Плавным шагом, сгорбившись, заложив руки за спину, с открытым ртом, где торчали два желтых зуба, со взором невидящим, он шел прямо на Голицына.
– Как ваше здоровье? – спросил еще издали; не дожидаясь ответа, опустился на колени и привычно ловким движением начал надевать снятые кандалы на ноги его. Надев, показал, как надо ходить, поддерживая за веревочку звенья, соединявшие ножные обручи. Голицын попробовал и опять едва не упал.
– Ничего, научитесь, – утешил плац-майор.
Обернув наручники замшевой тряпкой, комендант спросил:
– Так можете писать?
– Могу.
– Ну, вот и кончен туалет, – ухмыльнулся Подушкин с любезностью. А Лилиен-Анкерн, все еще стоя на коленях, поднял на арестанта свои столетние, мутной пленкой, как у спящих птиц, подернутые глаза и произнес благоговейно, как слова молитвы:
– Божья милость всех нас спасет!
«Так, должно быть, на том свете старые покойники приветствуют нового», – подумал Голицын.
Старик молча встал и тем же плавным шагом, сгорбившись, закинув руки за спину, вышел из камеры.
Сторожа помогли арестанту перейти со стула на койку.
– Почивайте с богом, не горюйте: все пройдет. Номерок отменный, сухонький, тепленький, – сказал Подушкин.
Все вышли и заперли дверь. Ключ повернулся в замке; загремели задвижки, запоры, засовы; последний огромный болт проскрежетал, и наступила тишина.
Голицын чувствовал себя погребенным заживо, а все-таки радовался: миновала пытка.
Увидел на столике ломоть ржаного хлеба и кружку кваса. Давеча, во время обыска, попросил есть; плац-майор извинился, что поздно, на кухне все уже спят, и велел принести хлеба с квасом. Голицын съел и выпил все; давно уже так вкусно не ужинал.
Начал укладываться. Снял халат и с трудом поднял на койку отягченные цепями ноги; хотел уже растянуться на плоском, как блин, тюфяке, но взглянул на пестрядевую подушку без наволочки: на ней были жирные пятна. Понюхал, поморщился. Носовой платочек Маринькин, еще не развернутый, с вышитой красной меткой М. Т., лежал на столике. Должно быть, прощаясь, успела-таки сунуть ему в карман, а при обыске забыли или нарочно оставили, сжалившись.
Разложил его так, чтобы не касаться щекой подушки. От платочка пахло Маринькой. Улыбнулся – почему-то вспомнил, как в ту первую и последнюю брачную ночь, когда она разбудила его поцелуем, – не сумел ее удержать, – «глупо» заснул.
Где-то близко, как будто над самым ухом его, заиграли, запели заунывную песню куранты, как медноголосые ангелы. «Божья милость всех нас спасет», – послышалось ему приветствие мертвых мертвому. И продолжая улыбаться, он блаженно заснул, с последней мыслью: «В пасти Зверя – как у Христа за пазухой».
Вчерашние звуки, только в обратном порядке – сначала скрежечущий болт, потом засовы, запоры, задвижки и, наконец, щелкающий ключ в замке – разбудили его поутру. Вошел Лилиен-Анкер, спросил: «Как ваше здоровье?» – и, не дожидаясь ответа, исчез.

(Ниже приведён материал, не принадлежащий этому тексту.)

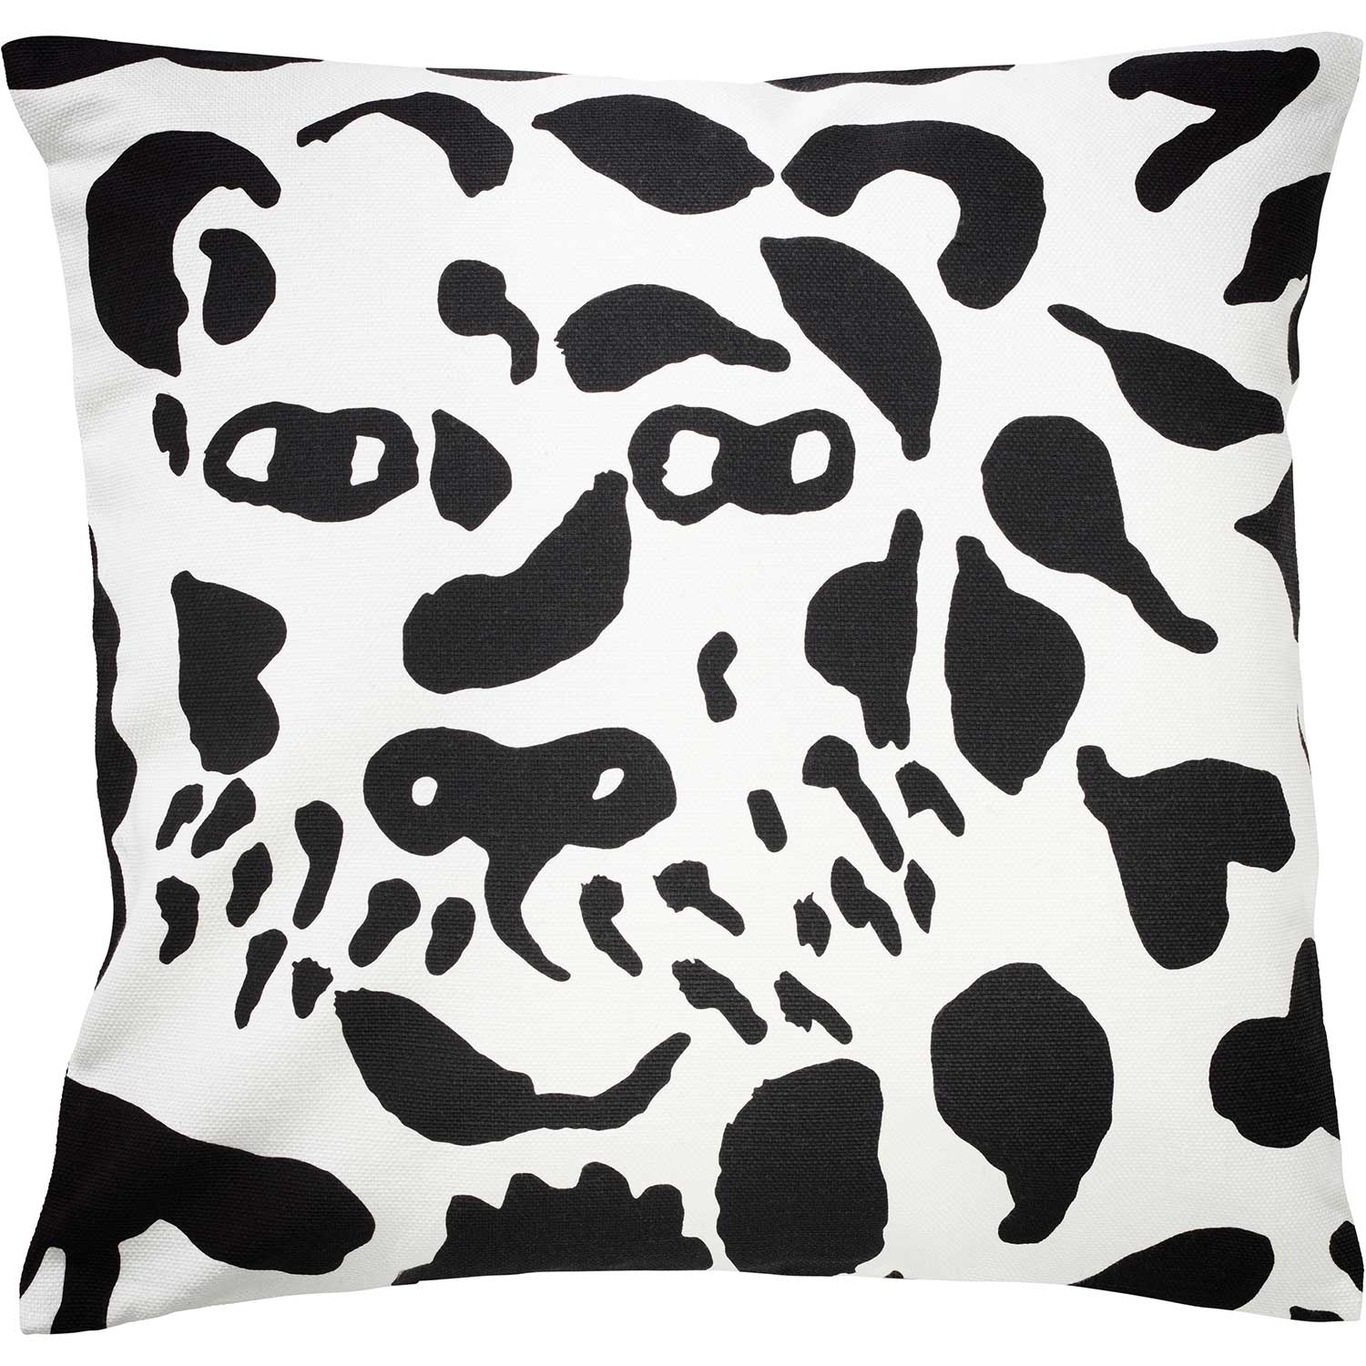 Oiva Toikka Collection Tyynynpäällinen 47x47 cm, Cheetah Black

Фейерверкер Шибаев, с молодым веселым лицом, принес жидкого чаю в огромном оловянном чайнике и два куска сахару. Сахар держал из учтивости не на голой ладони, а в складке мундирной полы; поставив и выложив все на столик, поклонился вежливо.
– Который час? – спросил Голицын.
Шибаев улыбнулся молча и с вежливым поклоном вышел.
Инвалидный солдатик-замухрышка вынес парашку и начал подметать веником пол.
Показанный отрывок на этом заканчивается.